WORK TASK:
All lines from the opening of the material up to and including the line with "Arlington Chief of" should be transcribed exactly, pictures excepted.

SUPPLIED MATERIAL:
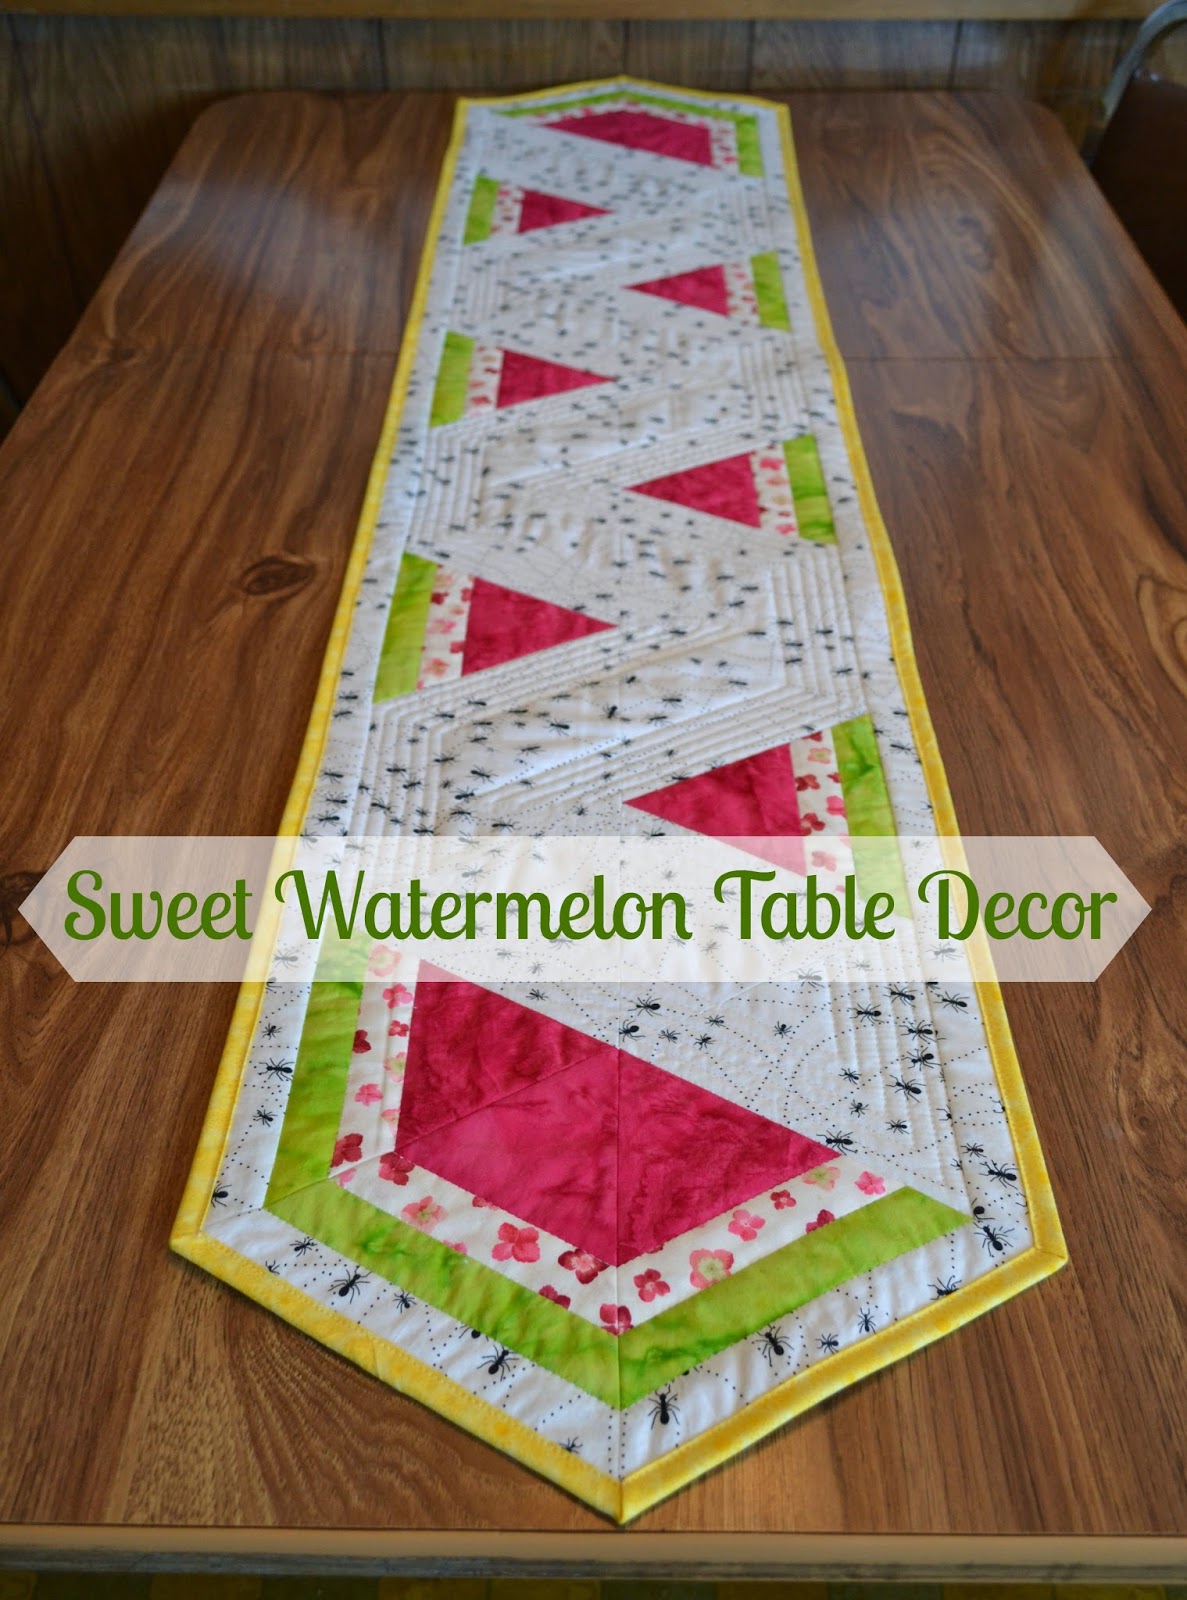 "Sweet Watermelon Table Decor" is a Free Table Top Quilted Pattern designed by Lorna of Sew Fresh Quilts from Sew Can She!
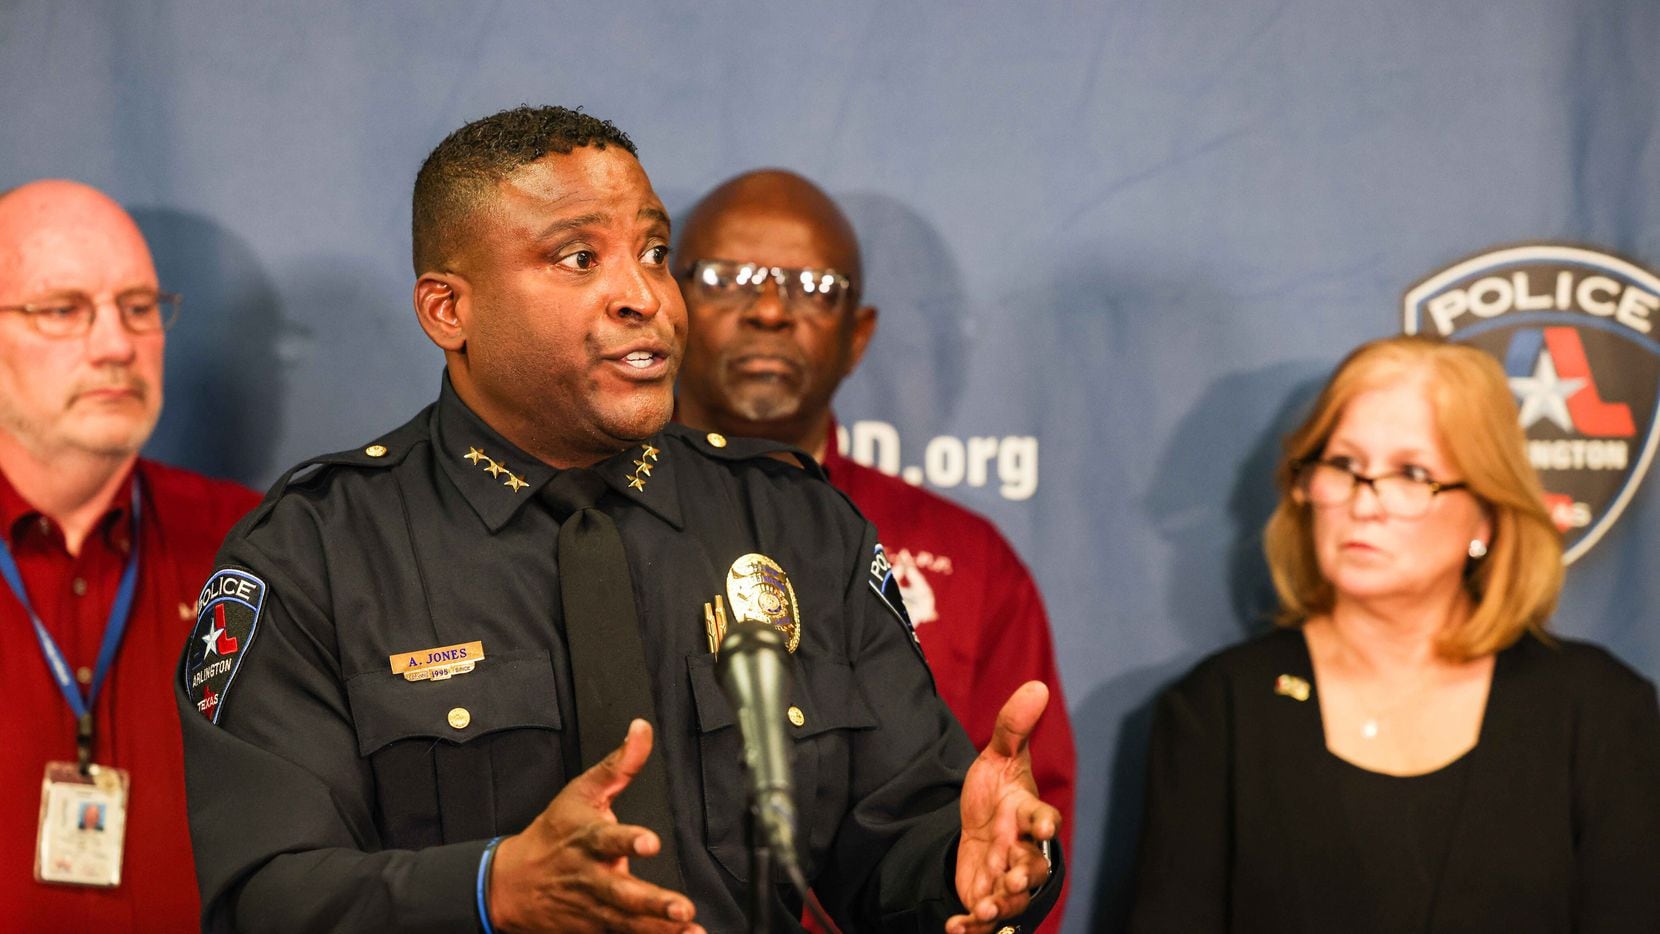 Arlington Chief of Police Al Jones during a press conference on Oct. 22, 2021.
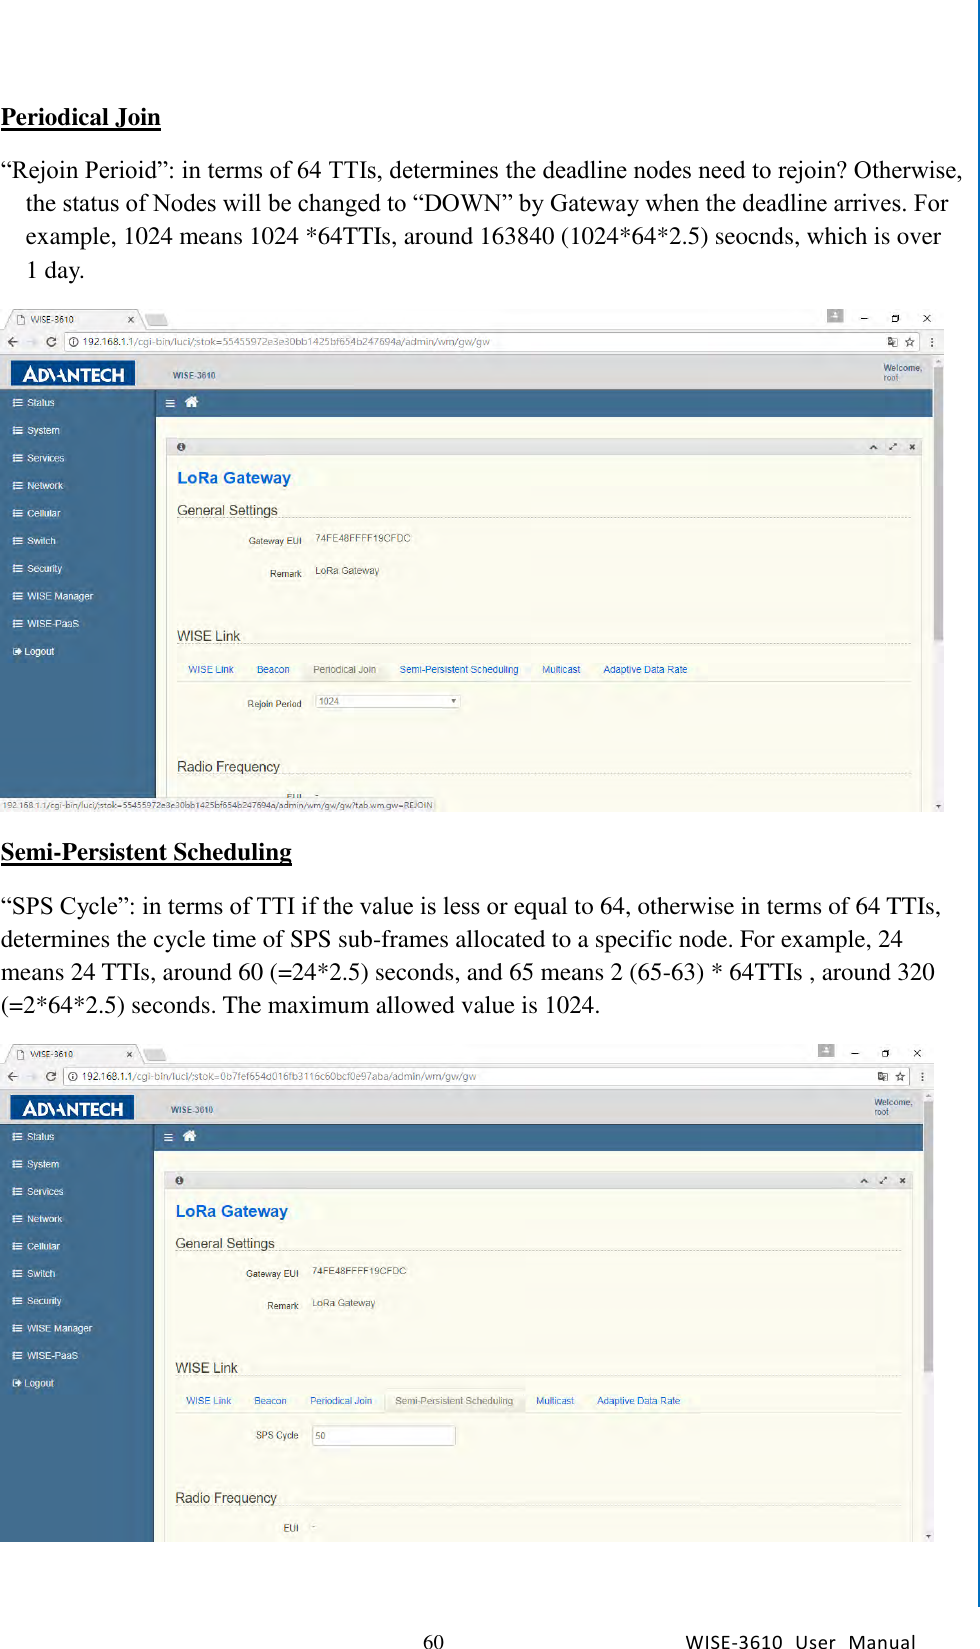   60 WISE-3610  User  Manual  Chapter5    Advantech Services Periodical Join “Rejoin Perioid”: in terms of 64 TTIs, determines the deadline nodes need to rejoin? Otherwise, the status of Nodes will be changed to “DOWN” by Gateway when the deadline arrives. For example, 1024 means 1024 *64TTIs, around 163840 (1024*64*2.5) seocnds, which is over 1 day.  Semi-Persistent Scheduling “SPS Cycle”: in terms of TTI if the value is less or equal to 64, otherwise in terms of 64 TTIs, determines the cycle time of SPS sub-frames allocated to a specific node. For example, 24 means 24 TTIs, around 60 (=24*2.5) seconds, and 65 means 2 (65-63) * 64TTIs , around 320 (=2*64*2.5) seconds. The maximum allowed value is 1024.

WRITTEN RESPONSE:
 "Sweet Watermelon Table Decor" is a Free Table Top Quilted Pattern designed by Lorna of Sew Fresh Quilts from Sew Can She!
 Arlington Chief of Police Al Jones during a press conference on Oct. 22, 2021.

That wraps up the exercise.